## PROBLEM
Word for word, copy the lines from the one with "9ct gold hoop earrings with leaf drop" to the last line of the data below, counting both, and keep every picture out.

## SOURCE DATA
=-=-=-=-=

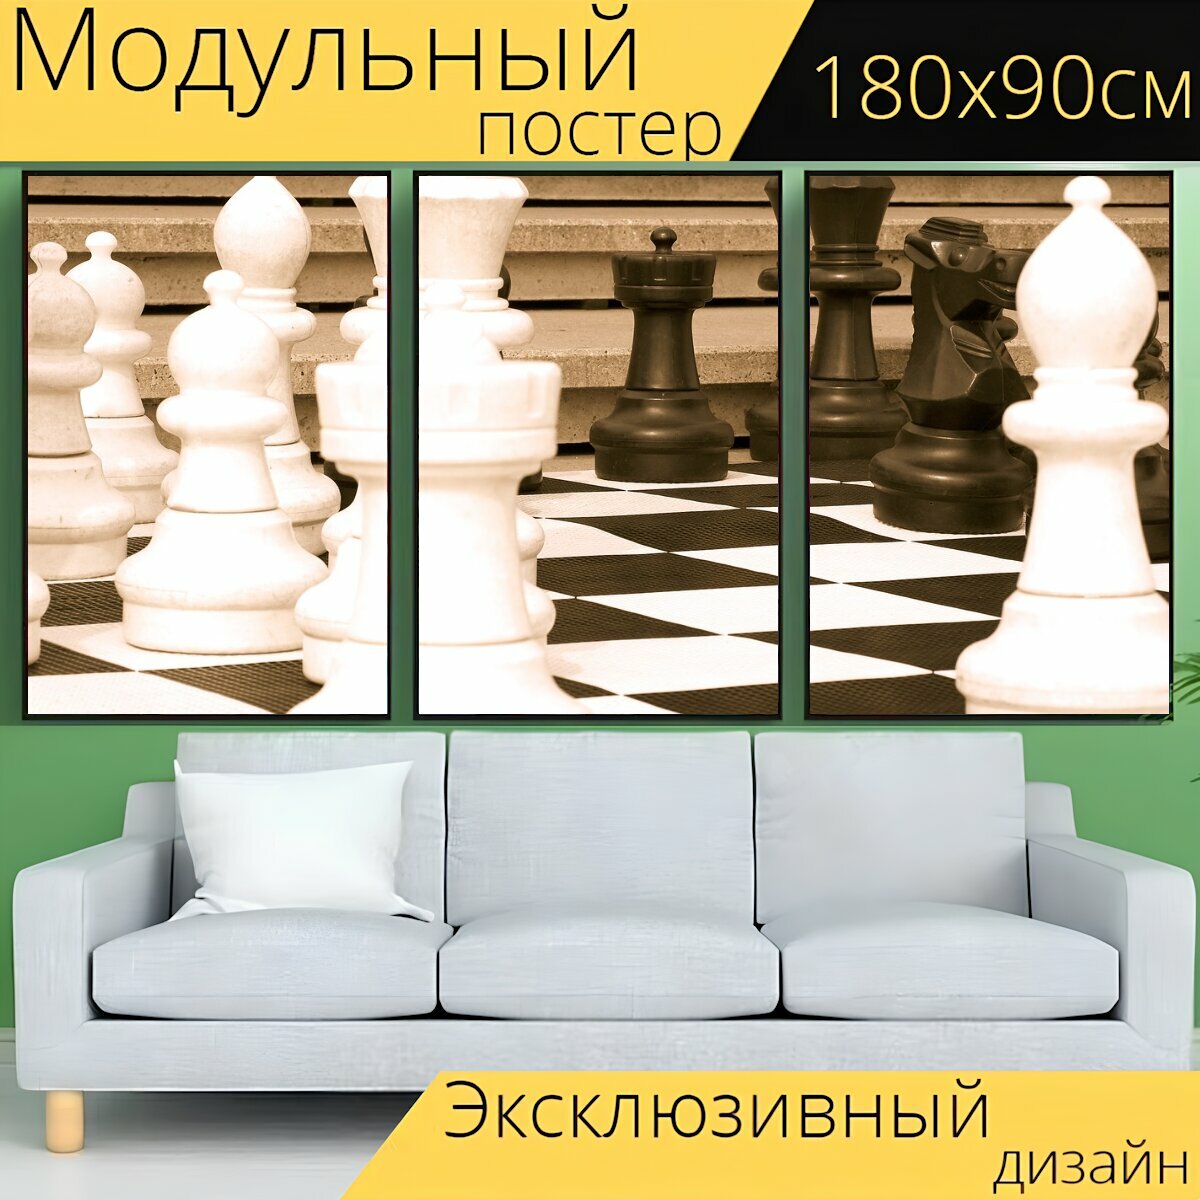 Модульный постер "Шахматы, игра, интеллект" 180 x 90 см. для интерьера
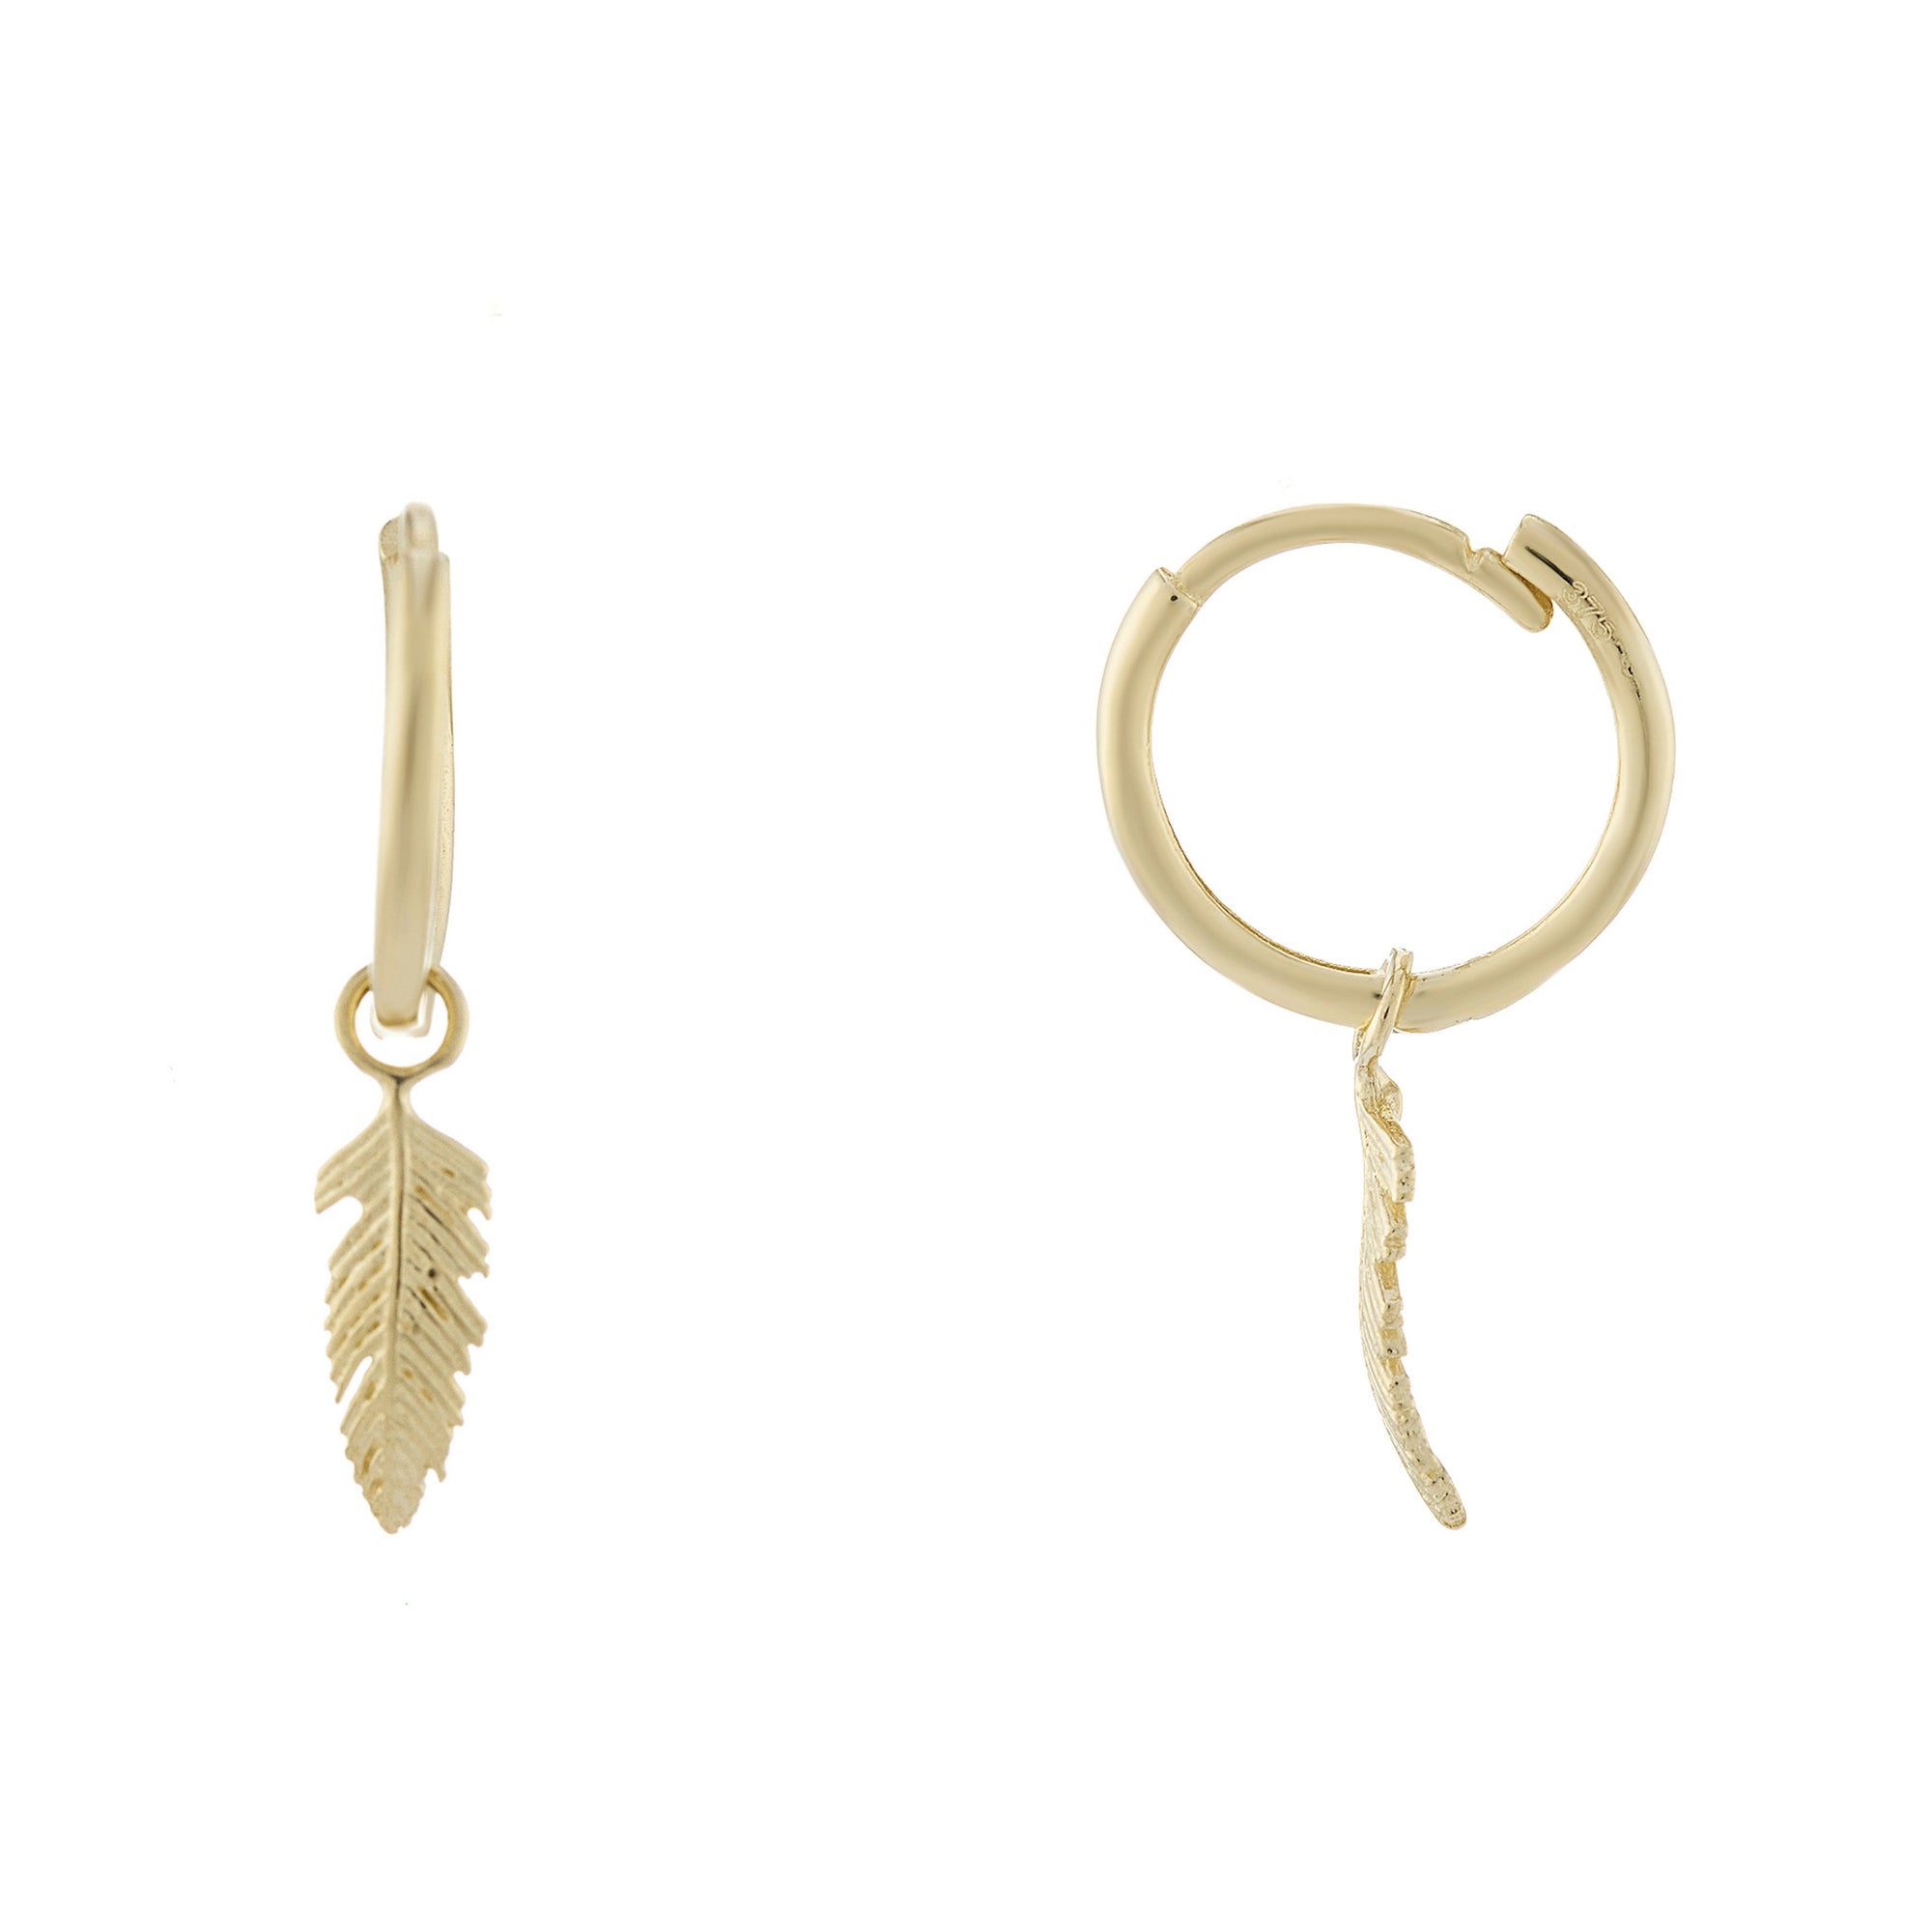 9ct gold hoop earrings with leaf drop
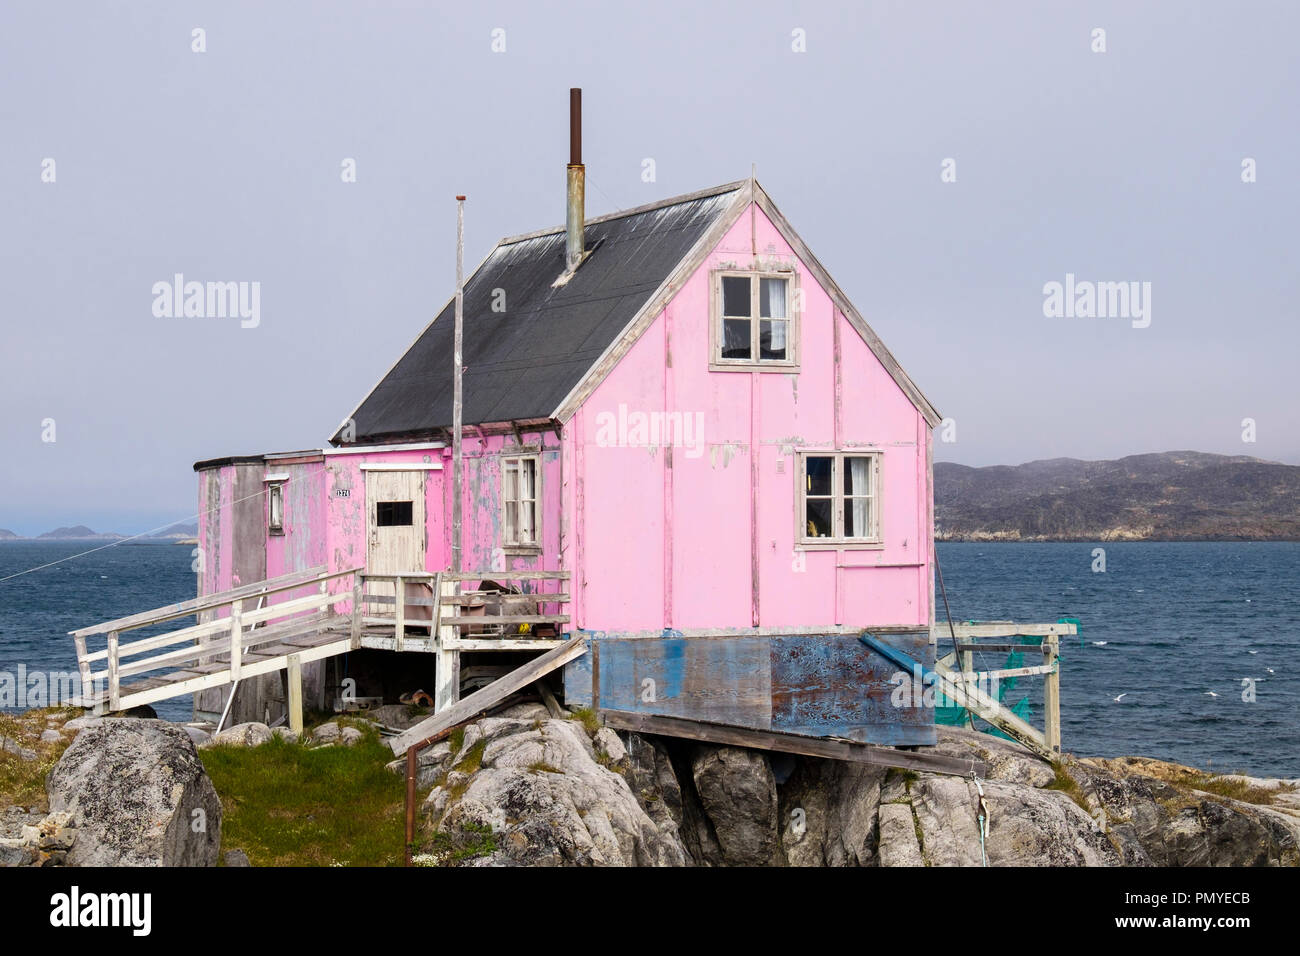 Inuit tipica casa in legno dipinto di rosa con reti da pesca al di fuori di essiccazione. Itilleq, Qeqqata, Groenlandia. Su una piccola isola a 2 km a nord del circolo polare artico Foto Stock

=-=-=-=-=

## SOLVED PROBLEM
 9ct gold hoop earrings with leaf drop
 Inuit tipica casa in legno dipinto di rosa con reti da pesca al di fuori di essiccazione. Itilleq, Qeqqata, Groenlandia. Su una piccola isola a 2 km a nord del circolo polare artico Foto Stock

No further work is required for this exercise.